On Sat, Sep 13, 2014 at 3:24 AM, Noel Kuntze <noel at familie-kuntze.de> wrote:
>
> -----BEGIN PGP SIGNED MESSAGE-----
> Hash: SHA256
>
> Hello Cindy,
>
> As network manager doesn't run as your user, you need to give
>  it access to the certificate and the private key in your home directory.
> You can do this by changing the group of those files to a group
> the network manager user is in and giving said group read
> access to the file and execute access down the path to said files.
>
> Yes, the error message indicates a configuration mismatch
> between the server and the client.
>
> I think you need to indent the section parameters with a tab for strongSwan to read them correctly.

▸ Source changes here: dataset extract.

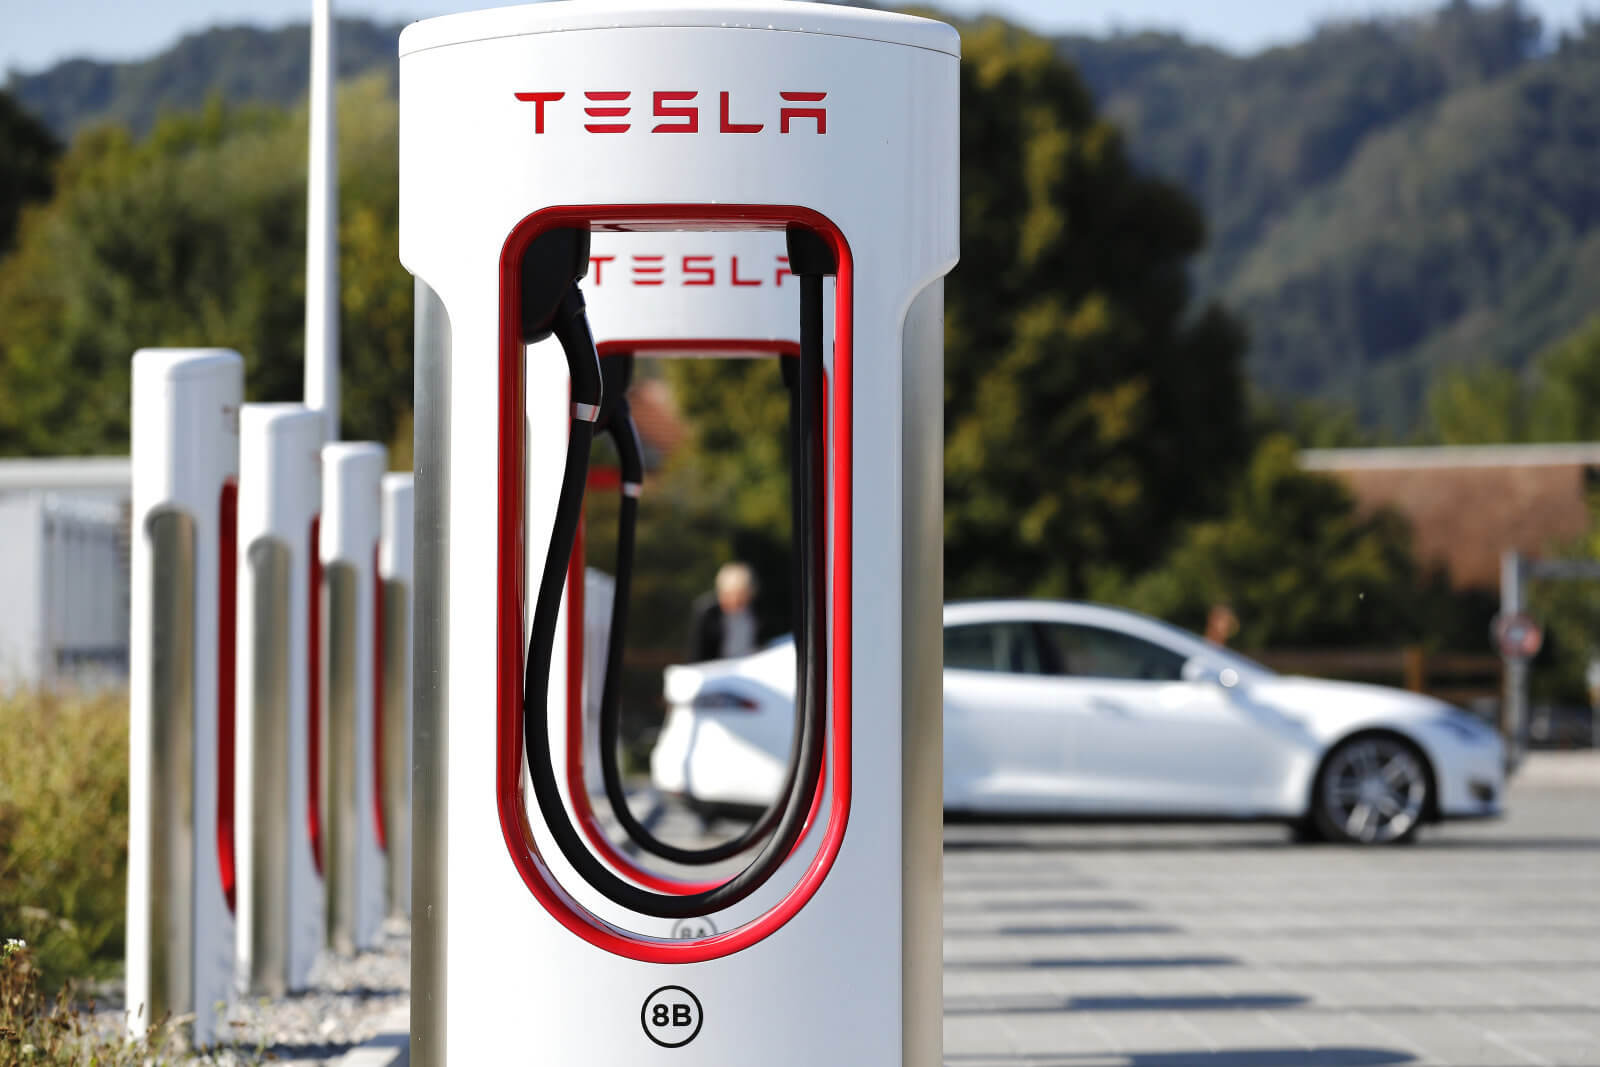 एक नए प्रकार की बैटरी सक्षम हो जाएगा बिजली के कारों में यात्रा करने के लिए लगभग 2,400 मील रिचार्जिंग के बिना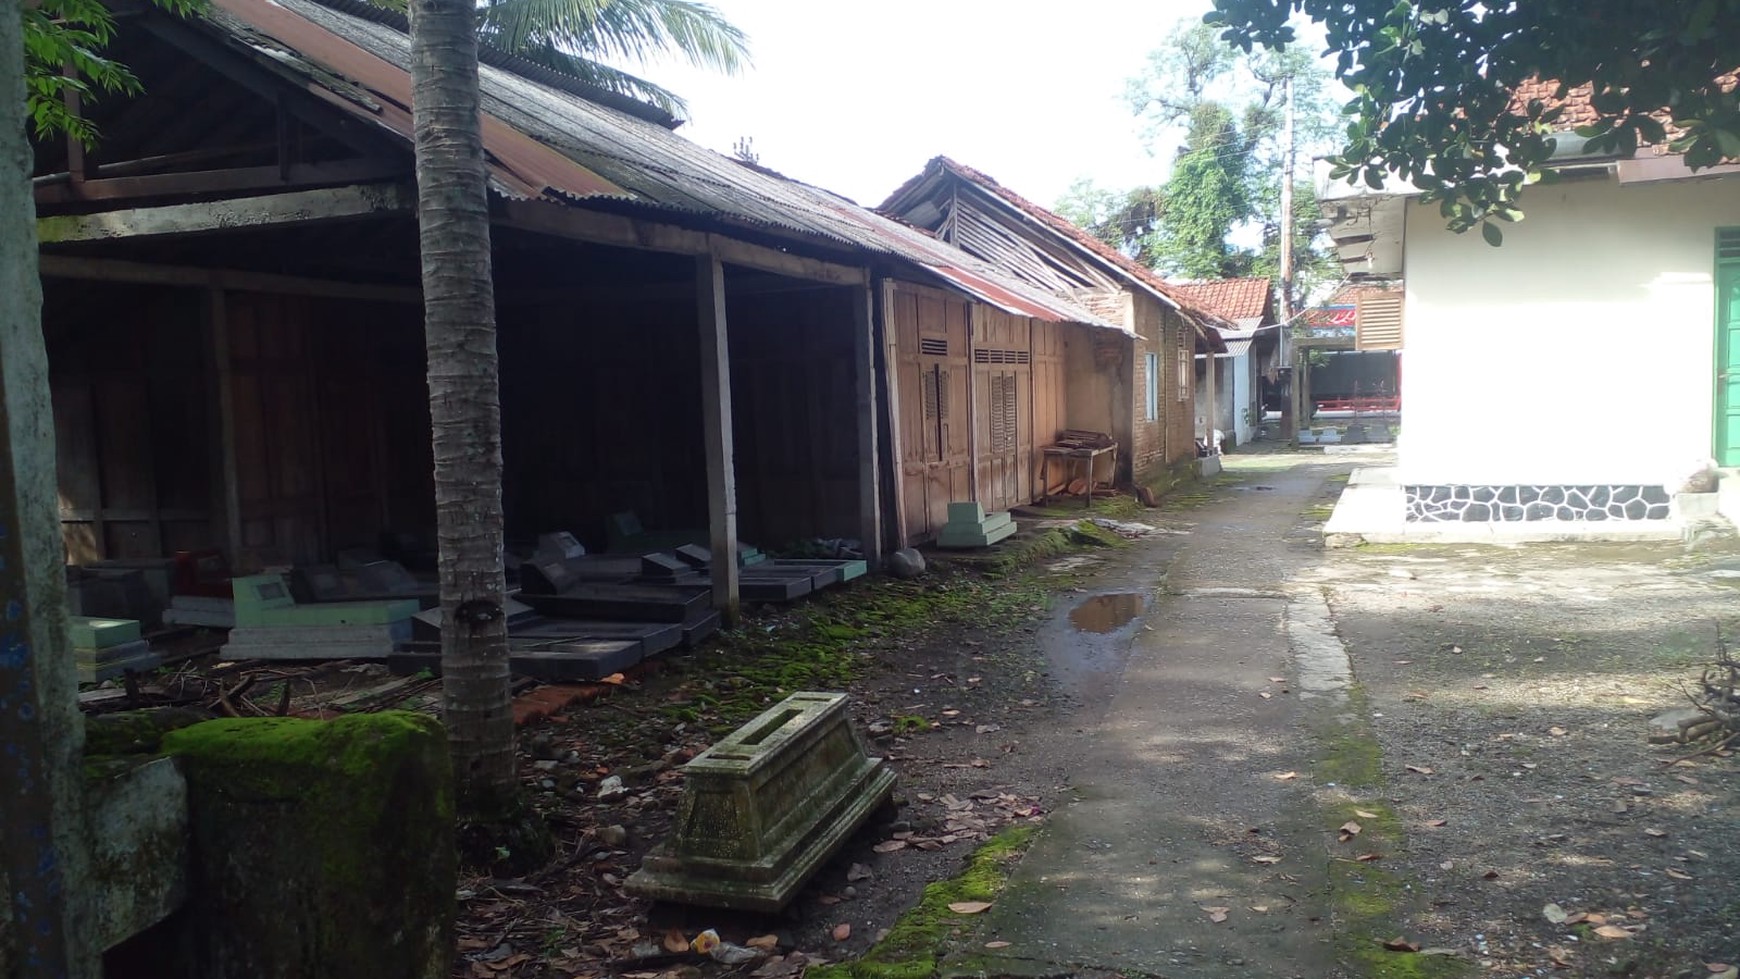 Tanah & Bangunan Luas 498 Meter Persegi Lokasi Kebumen Jawa Tengah

> Check with "ipsec statusall", if it correctly read all the conn definitions.
>
> Mit freundlichen Grüßen/Regards,
> Noel Kuntze
>
> GPG Key ID: 0x63EC6658
> Fingerprint: 23CA BB60 2146 05E7 7278 6592 3839 298F 63EC 6658
> Am 13.09.2014 um 00:05 schrieb Cindy Moore:
>> Hi, I'm hoping I can get some tips or direction here, because I've
>> been banging my head on this for a while.
>>
>> I have strongswan 5 installed on ubuntu 14.04 with all the latest updates, etc:
>> root at vpn:/etc# ipsec version
>> Linux strongSwan U5.1.2/K3.13.0-35-generic
>>
>> This part seems to be functioning fine.  I've used the ipsec pki to
>> generate a vpn cacert, and then a couple of certs to test things with.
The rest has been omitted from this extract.